Le Caire, In David Roberts vers 1840

 

 

Souvenirs d’un voyage en Egypte, par Madame la comtesse Elisabeth B. – extrait

impr. de J. Claye (Paris), 1866

 

 

Comme nous vous serez surpris de la similitude stricte entre la description  du vêtement de l’alméé dans le récit et le tableau de Gérôme. On se permet de douter d’un hasard. Il faut supposer que Gérôme ait eu connaissance du texte et s’en soit inspiré…ou bien que la comtesse ait tout inventé et se soit, elle, inspirée du tableau. La première hypothèse est plus plausible. Pour le reste, c’est instructif, charmant et même touchant. 

 

 

Quiconque a voyagé en Égypte n’a pas manqué de s’enquérir des almées. Or, les almées, ces nymphes du désert, qu’on est si curieux de voir, ont la défense expresse de danser au Caire pour le public. Elles ne chantent et ne dansent que dans les harems ; il n’y a pas de mariage possible sans elles. C’est la principale almée qui figure à la noce du vice-roi comme à celle d’un simple bourgeois; chacun la paye selon ses moyens; ainsi, la fameuse Zachné-Bey, qui reçoit 30,000 fr. au mariage du vice-roi, s’en va figurer avec la même bonhomie à celui d’un individu très – subalterne qui lui offre 100 fr.

 

Nous avions extrêmement envie de voir danser ces femmes; or, la difficulté consistait surtout dans la possibilité de trouver un local pour les y faire venir. Aucun musulman ne l’eût souffert chez lui et la police ne l’eût pas permis dans les hôtels.

 

Omar, à qui mon mari s’était adressé, promit de lever les difficultés en traitant avec des chrétiens pour la location d’un appartement. Quelques jours plus tard, il vint nous dire qu’une famille copte consentait à nous céder son salon d’honneur pour faire danser les almées. Le lendemain, Omar arriva vers les deux heures et nous mena mystérieusement dans le quartier copte. Après bien des détours, nous entrâmes dans une maison de très bonne apparence. Une femme jeune et très-belle s’avança vers nous et nous proposa d’aller prendre possession du salon qui nous était réservé.

 

 Danse orientale Bruxelles / almeh with a pipe Gerome red

 

Cinq danseuses avaient été engagées. trois d’entre elles pour danser, les autres pour faire de la musique. La première des almées (nièce de Zachné) s’appelait Fatouma, la seconde Bamba (rose), la troisième Zélina. Fatouma était la plus remarquable; elle était belle, d’une beauté sauvage et sensuelle ; elle était grande, admirablement bien faite, souple et gracieuse à l’excès; ses yeux étaient particulièrement beaux, le nez un peu gros, la bouche grande et garnie de dents superbes.

 

Elle était vêtue d’un large pantalon en satin cerise broché d’or. Une ceinture de la même couleur retenait ce pantalon sur ses hanches. En fait de linge, elle n’avait qu’une chemise en tulle, très transparente, par-dessus laquelle elle portait une petite jaquette en velours noir qui lui couvrait à peine les épaules et laissait toute la poitrine à découvert.
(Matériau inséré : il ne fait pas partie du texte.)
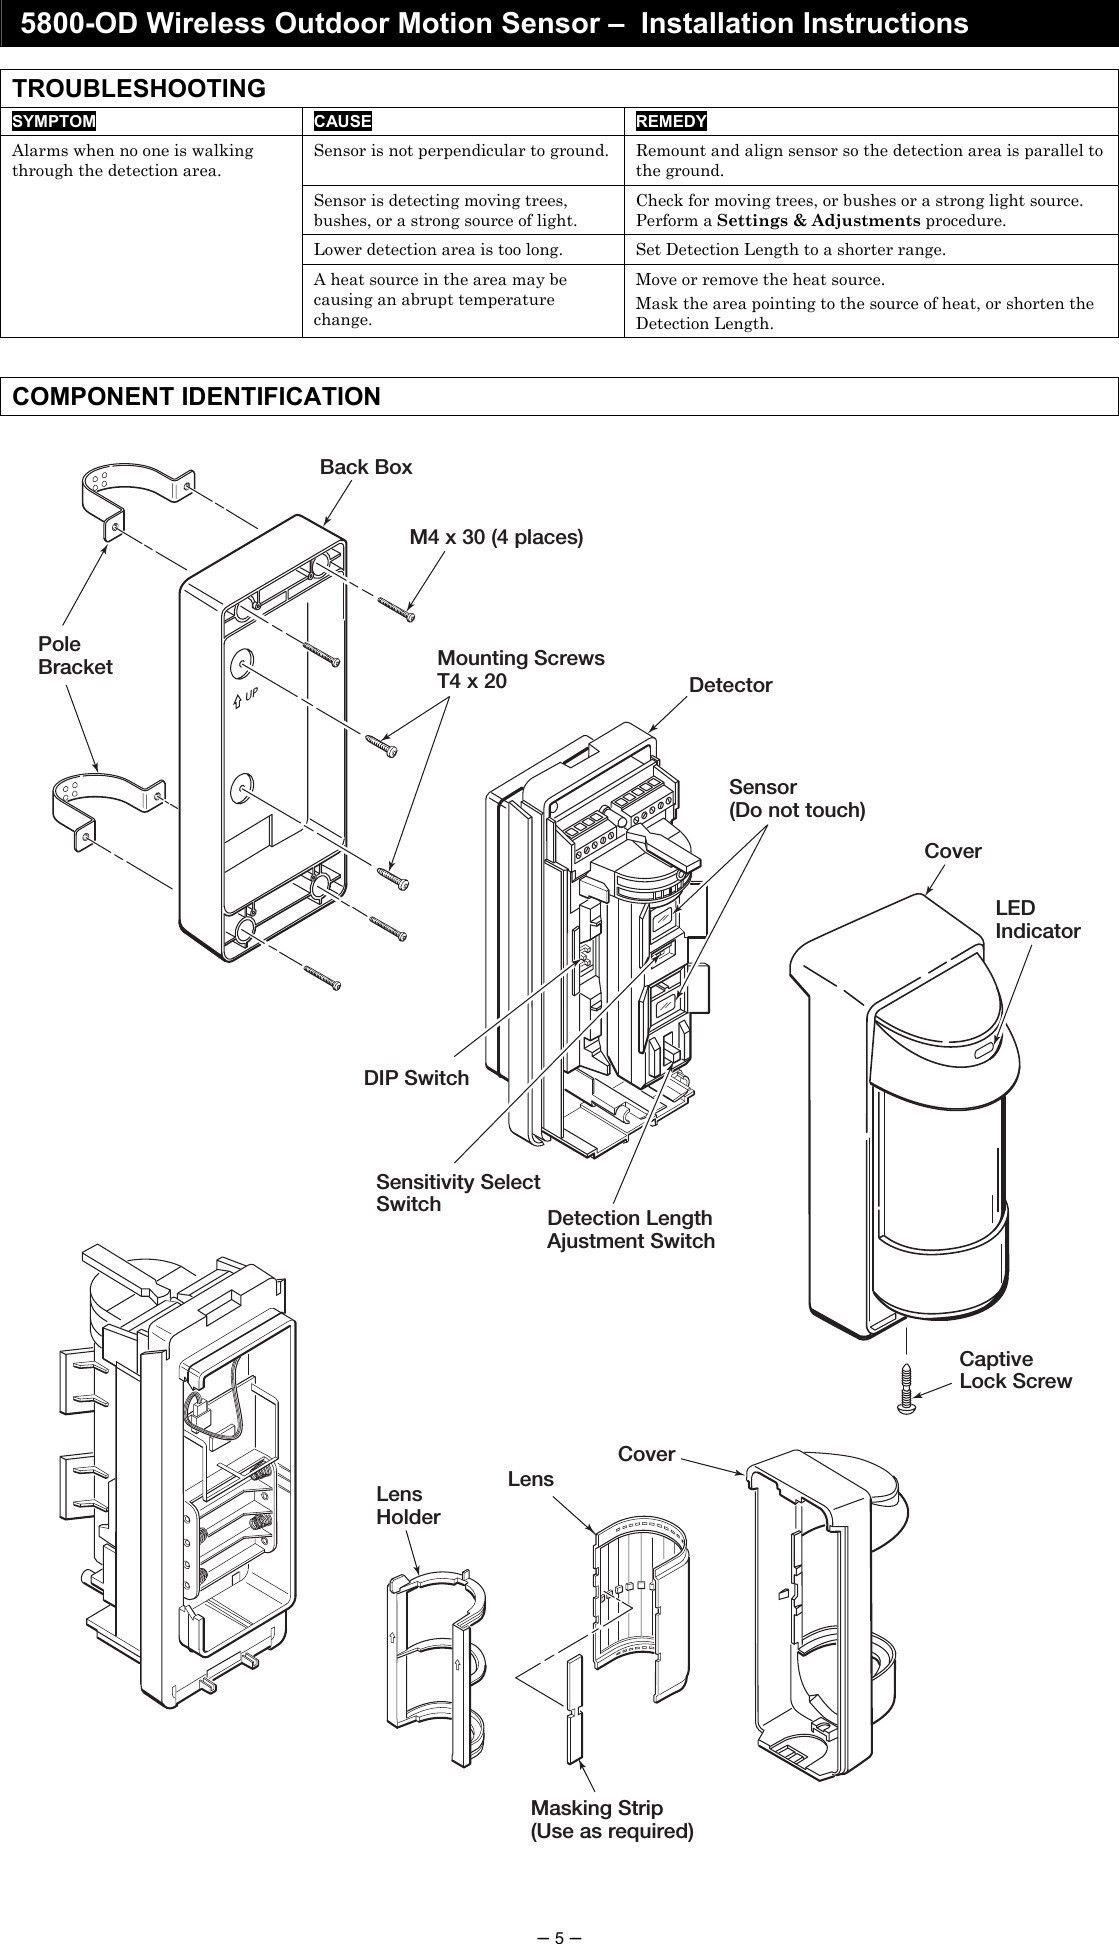 25 Complex Automotive Wiring Diagram Software For You Https Bacamajalah Com 25 Complex Automotive Wiring Diag Garage Doors Door Repair Motion Sensor Lights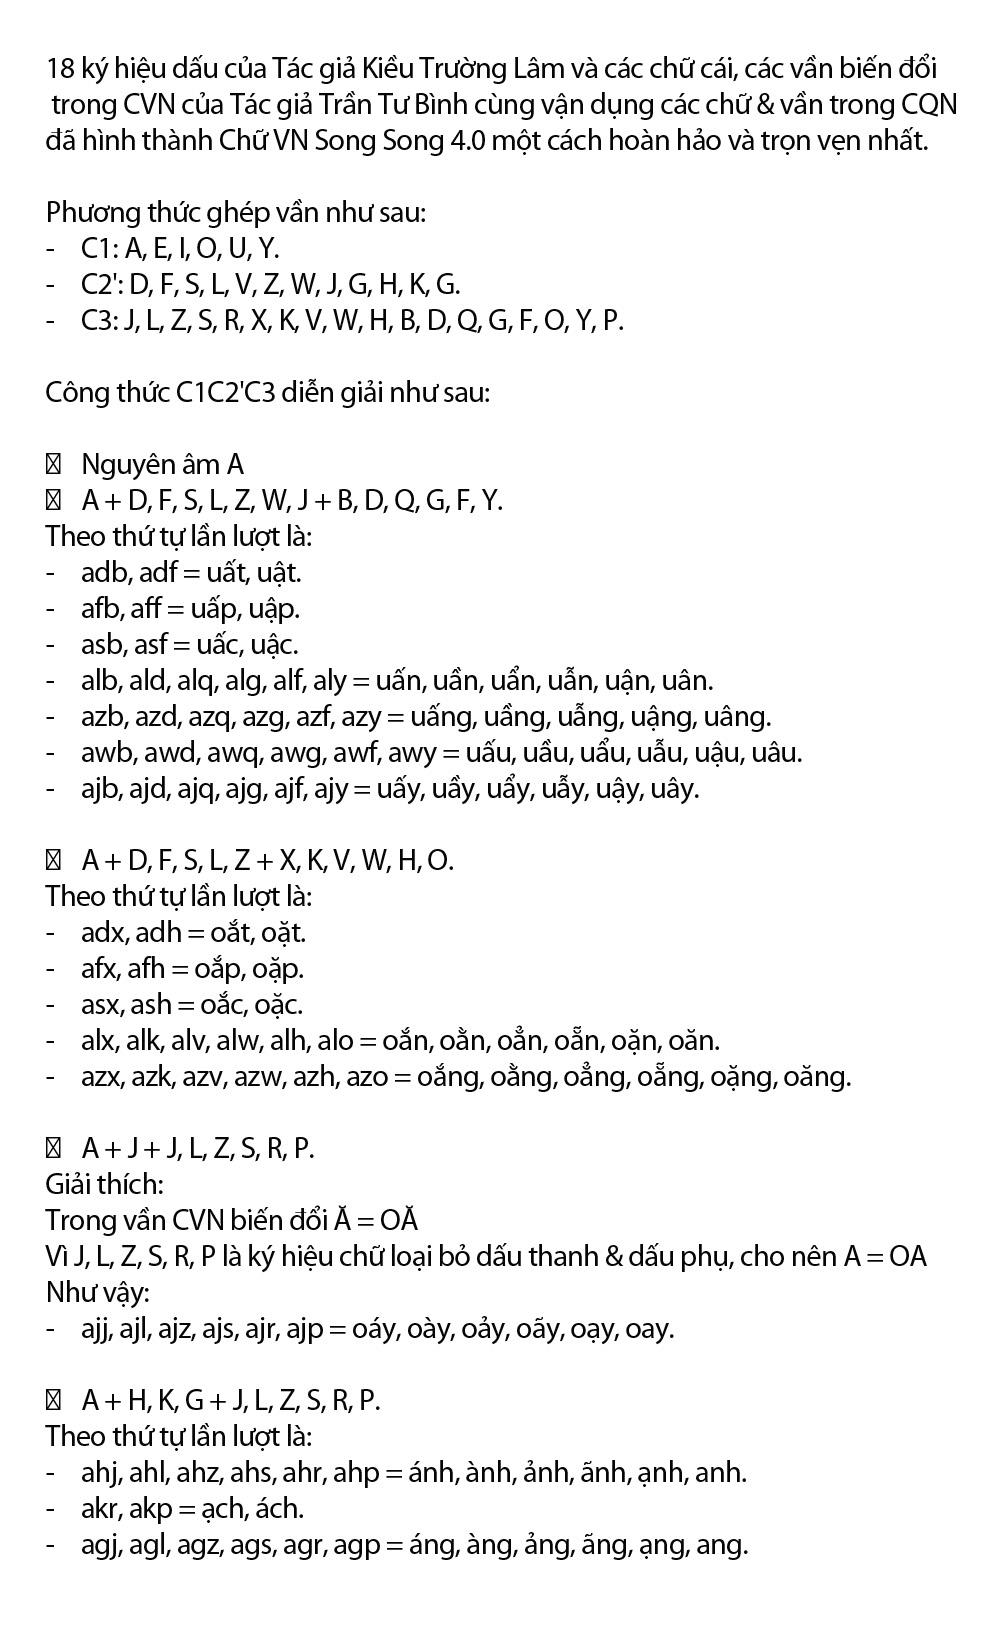 Tiếng Việt không dấu chính thức được cấp bản quyền, tác giả hy vọng chữ mới có thể được đưa vào giảng dạy cho học sinh - Ảnh 12

Ses cheveux, noirs comme de l’ébène, tombaient sur ses épaules en une masse innombrable de nattes, dans lesquelles étaient tressés des sequins qui faisaient l’effet d’une pluie d’or. Selon la mode du pays, elle portait sur le sommet de la tête un tout petit voile en tulle noir qui ajoutait de l’originalité à ce costume passablement provoquant.

 

Quand la danse commença, Zélina frappa du tambourin, tandis que Fatouma et Bamba se mirent à danser en tenant à leurs doigts des espèces de castagnettes en métal qui rendaient un son tout particulier; il y avait pourtant de la mélodie dans cette musique sauvage. La danse est presque indescriptible ; c’est tout un poème de volupté, tant par les mouvements du corps que par l’expression des traits. C’est d’abord le frémissement du désir, puis la passion ardemment satisfaite, suivie d’une lassitude qui n’est pas exempte de charme; viennent ensuite les larmes et les regrets de la jeune fille qui se livre bientôt à toute la frénésie de l’amour.

 

Fatouma était superbe d’expression ; il est impossible de se faire une idée de toutes les poses qu’elle prenait en tressaillant tout à coup, comme si le cœur de celui qu’elle aimait reposait sur le sien; son regard se perdait et ses lèvres appelaient des baisers brûlants; son corps se penchait enivré de volupté. Sa compagne Bamba était aussi lascive et passionnée, mais bien moins souple et bien moins belle. Nous applaudîmes beaucoup Fatouma, à laquelle on servit une coupe de vin qu’elle porta à nos pieds avant d’y goûter. Malgré cette danse étrange, Fatouma avait quelque chose de chaste et de doux dans ses mouvements désordonnés.

 

Pendant ses moments de repos, elle venait s’accroupir à mes pieds, me demandait de l’emmener avec moi et me disait, en me baisant les mains, que beaucoup de monde lui avait proposé d’aller en Europe, qu’elle avait toujours refusé de quitter son pays, mais que pour moi elle l’abandonnerait sur-le-champ. Les danses recommencèrent, suivies de libations, qui excitèrent Fatouma jusqu’au délire; elle jeta un cri perçant et se mit à exécuter la fameuse danse de la guêpe (nah-el-ia-ou), Bamba se joignit à elle en chantant sur le rythme du bourdonnement de l’abeille.

 

La danseuse, se croyant poursuivie par l’insecte, le fuit d’abord, mais le sentant toujours voltiger autour d’elle et se poser tantôt sur sa tête, tantôt sur ses épaules, elle jette son petit voile; la guêpe lui pique le sein, c’est la veste qui part et puis la chemise; l’insecte n’abandonne pas sa proie; la jeune fille dénoue sa ceinture et tout en chantant et en dansant, elle laisse tomber jusqu’à son dernier vêtement. Les piqûres de la guêpe continuent à l’incommoder et mettent le comble à sa frénésie. Il est difficile de trouver quelque chose de plus désordonné que cette danse ; pourtant Fatouma a su conserver une espèce de pudeur, et, tout en étant lascive, elle est loin d’arriver à la dépravation des femmes qui dansent le cancan.

 

Quand Fatouma eut remis ses vêtements, elle se précipita à mes genoux, couvrit mes mains de baisers, et me supplia de lui en donner un sur la joue, pour lui prouver que je ne la méprisais pas. Je m’exécutai de fort bonne grâce, en lui accordant cette preuve de ma soi-disant estime; elle témoigna une joie très-vive et m’embrassa de toutes ses forces….

 

Illustration : Almeh avec une pipe, Jean-Léon Gérôme (1824-1904)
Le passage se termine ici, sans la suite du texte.